Fiquei sabendo do Google Lively alguns dias após seu lançamento, na notícia não ficou muito claro suas características e então a primeira coisa que fiz ao chegar em casa foi testa-lo. Diferente do Second Life, minha primeira experiência foi excelente, rápido e fácil de usar a aplicação não exigia muito da máquina e apresentava uma boa gama de customizações.

Enquanto motava meu “room”, comecei a imaginar no potencial da aplicação, imediatamente vi avatares tomando conta do Orkut, blogs interativos, paginação de resultados 3D, integrações com Youtube e Picasaweb através de gadgets feitos no SketchUp, publicidade baseada no histórico do ambiente e um vasto marketplace.

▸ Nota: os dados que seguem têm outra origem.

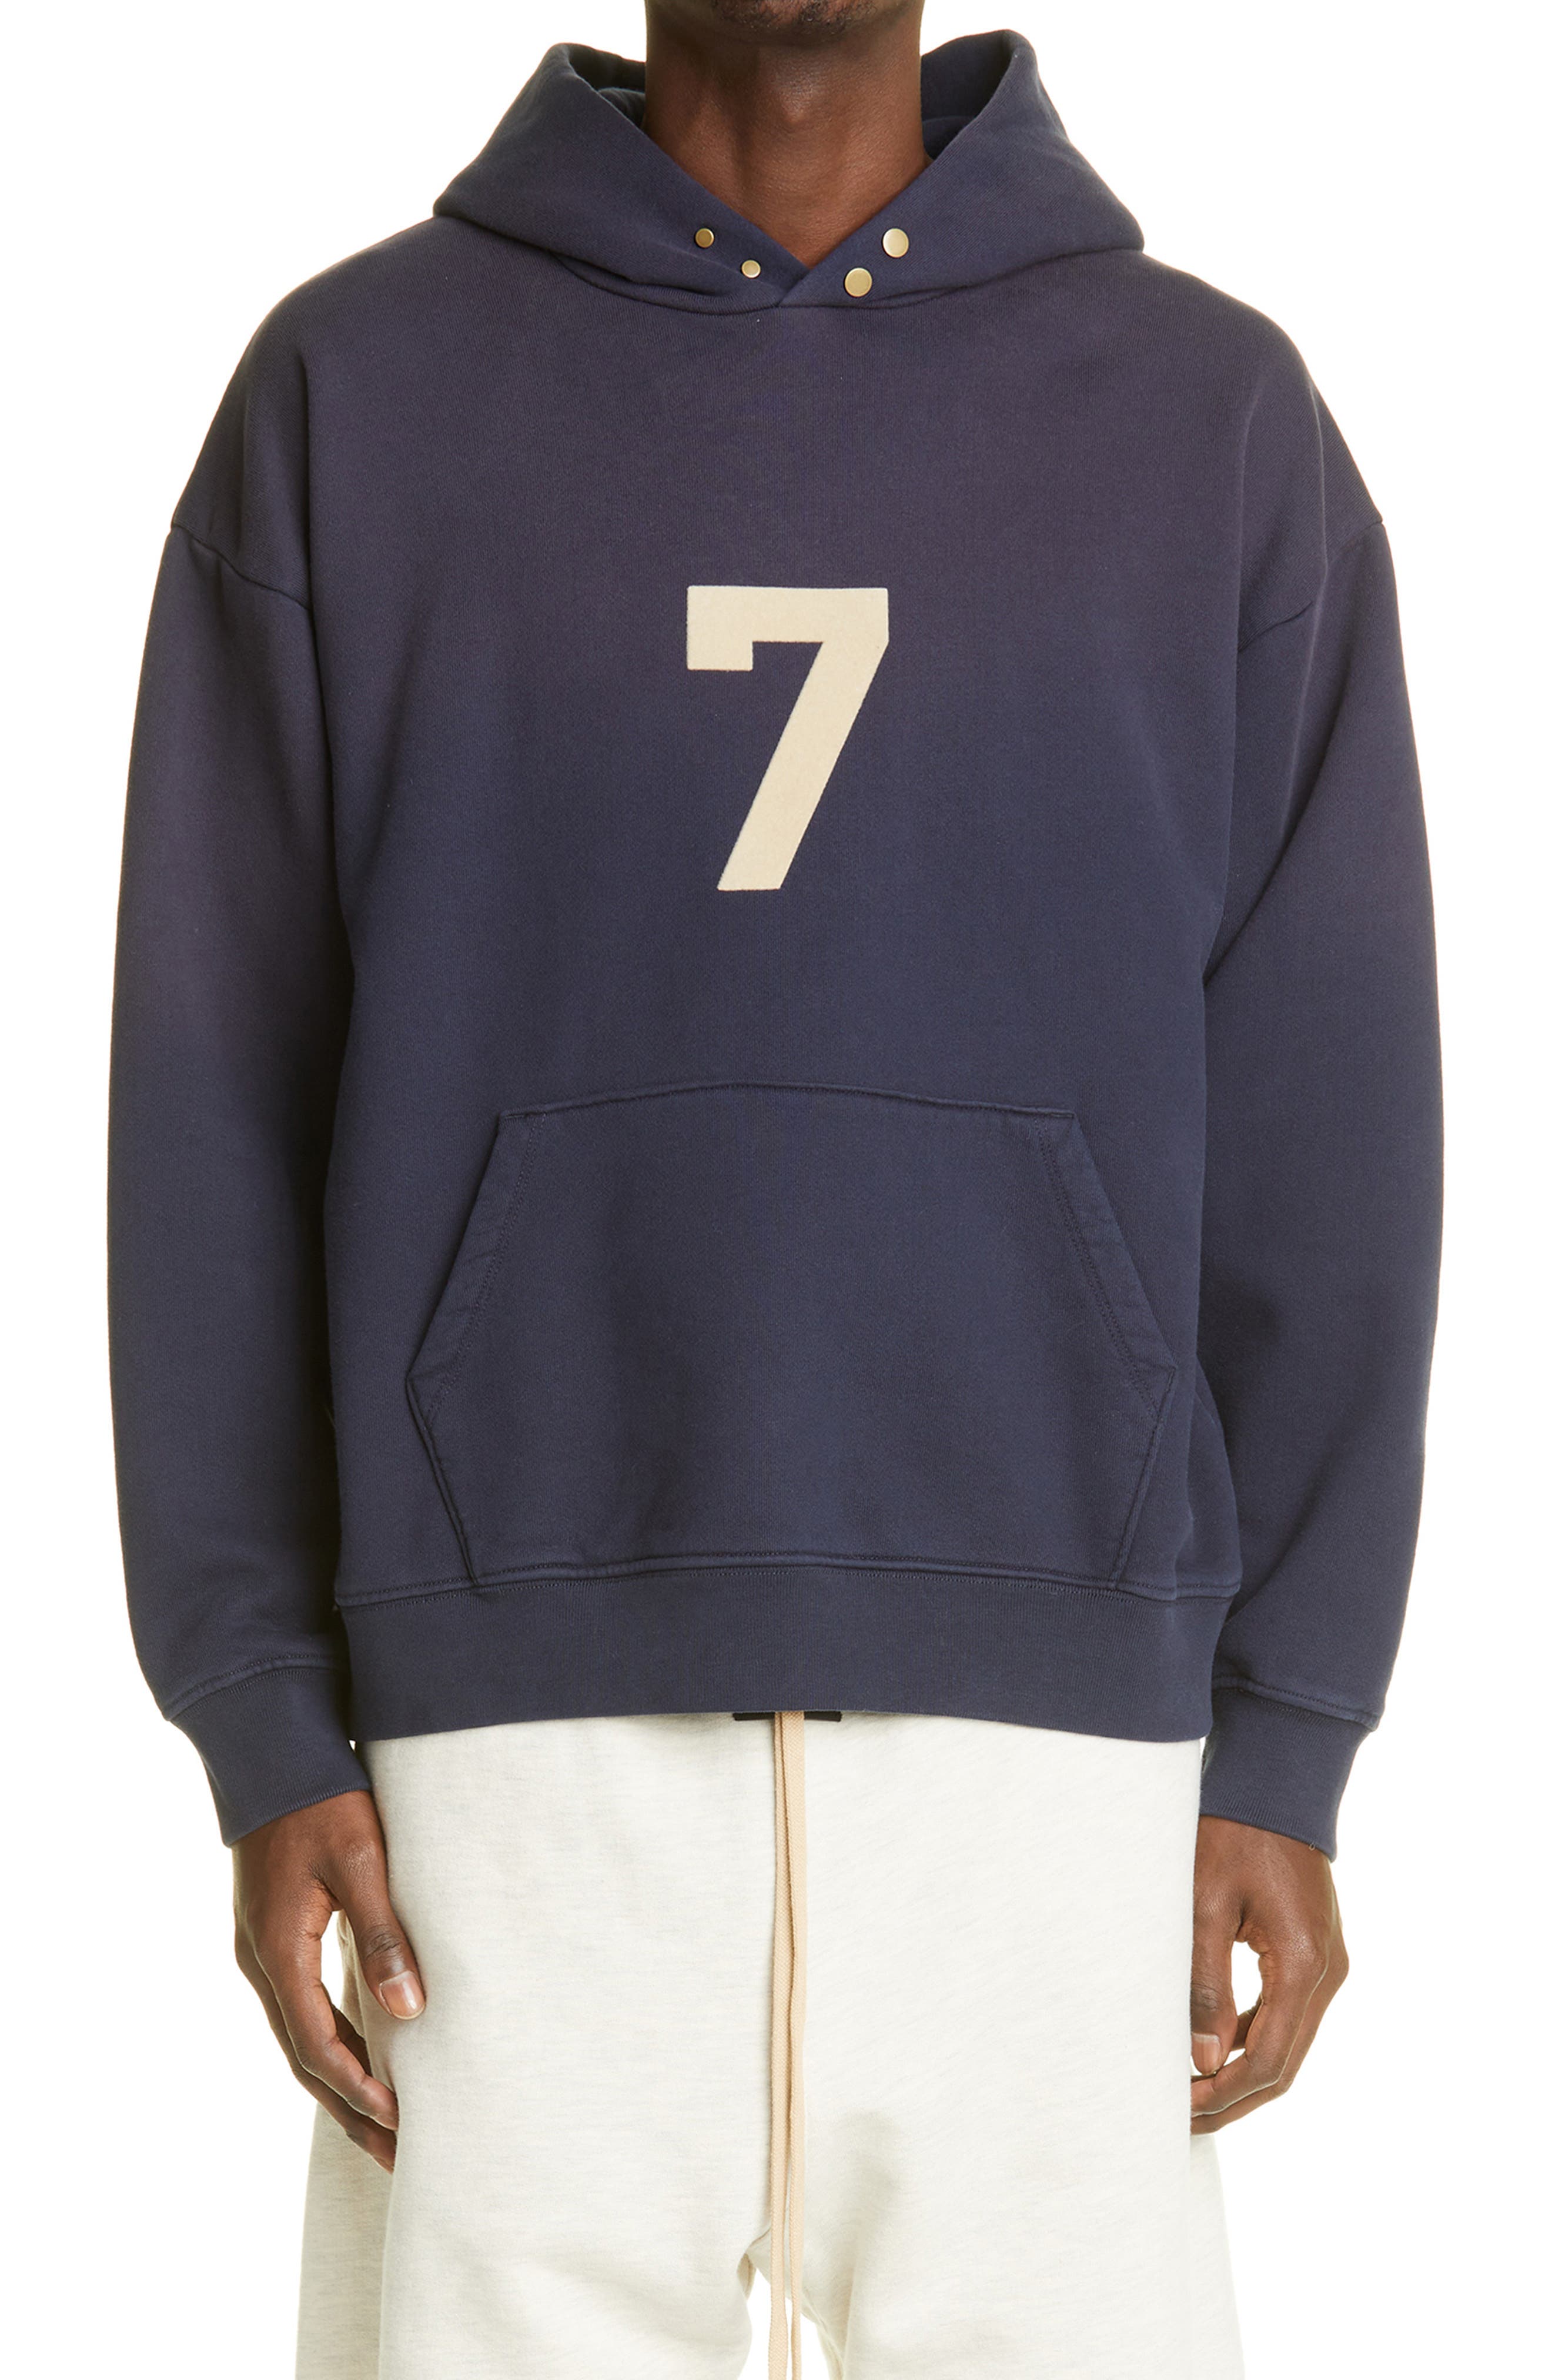 Fear of God 7 Cotton Hoodie in Vintage Navy at Nordstrom, Size Small

Naquele dia fiquei até quase 3 horas da manhã acordado interagindo com os usuários, isso me custou alguns minutos de atraso no dia seguinte, mas a primeira coisa que falei quando cheguei no escritório foi: “Preparem-se, aí vem mais uma bomba da Google”.

Na sexta passada vi em meus feeds o título ”Google tira o mundo virtual Lively do ar“, depois de ler a notícia fiquei realmente surpreso e motivado a escrever este post. Segundo a empresa, eles querem voltar o foco a publicidade e busca, afirmaram ainda que aceitam “que quando se assume alguns riscos, nem toda aposta dá certo”.

Depois de um singelo lançamento, Lively teve menos de 6 meses de vida e nenhum investimento em integração. Um dos pontos fortes anunciados era a integração com blogs, mas o Blogspot não recebeu nenhum widget facilitando isso. O serviço foi anunciado em meio ao lançamento do OpenSocial, porém não houve nenhum aplicativo para o Orkut.

Resumo polêmico: É certo afirmar que se o Google tivesse medo de fracassar não seria a metade da empresa que é hoje, porém também pode-se afirmar que se o Google fosse a metade da empresa que é hoje não cometeria tantos erros.

PS¹: Levando em conta a última cotação da NASDAQ, a Google é quase 1/3 da empresa que era ano passado. Se continuar nesse ritmo, ano que vem a MS compra com o dinheiro que economizou não comprando a Yahoo!.

PS²: Ficam meus votos para que a Srta. Wang (que desenvolveu o Lively em seu 20% Project) volte para a Microsoft Games.

Alô Mundo :)

Abril 13, 2008 (Domingo)

Acordei hoje com vontade de bloggar, sei que é estranho e soa um tanto nerd, mas esta não é a primeira vez. Outra vez quando acordei com essa vontade montei o blog da Fábrica Di Chocolate, lá postei algumas vezes e saciou minha vontade durante um tempo.

Normalmente quando acordo com essa vontade vou até o notepad e descarrego tudo ali e depois não salvo. Hoje foi diferente, criei o domínio no wordpress e estou aqui escrevendo no bloco de notas. Na verdade só saberei se foi realmente diferente quando terminar.

Como este é o primeiro post, vai ter o blablabla inicial.. até porque não sei sobre o que vou escrever aqui e não tenho um nome para ele ainda, mas já faço duas observações: não vou fazer um layout e não vou comprar um domínio.. não pelo menos até alcançar um número suficiente de visitantes que caem do google de paraquedas e clicam em todos links que vêem :)

Alguns assuntos que planejo abordar neste blog:

“Chuchu Conspiracy Theory”
Teoria de Dr. Mousse sobre como o Chuchu dominará o mundo
“Foca, foca, foca, leão marinho”
Metodologia de Zark sobre como pegar garotas em baladas
“Le mystère de Le Mijon”
História de Dr. Mousse sobre a submissão masculina
“Falência da Google”
Minhas previsões sobre a virada da Microsoft sobre a Google

Além destes assuntos importantíssimos para existência humana teremos neste blog a área narcisista onde falarei de mim, sobre meu trabalho e sobre meus interesses. Também teremos aqui minhas comparações tribalistas de Joinville com Floripa, notícias gerais sobre negócios, tecnologia e de tudo um pouco.

Taí, acabei, agora é só definir um zilhão de palavras chaves e ser indexado pelo google para ficar famoso?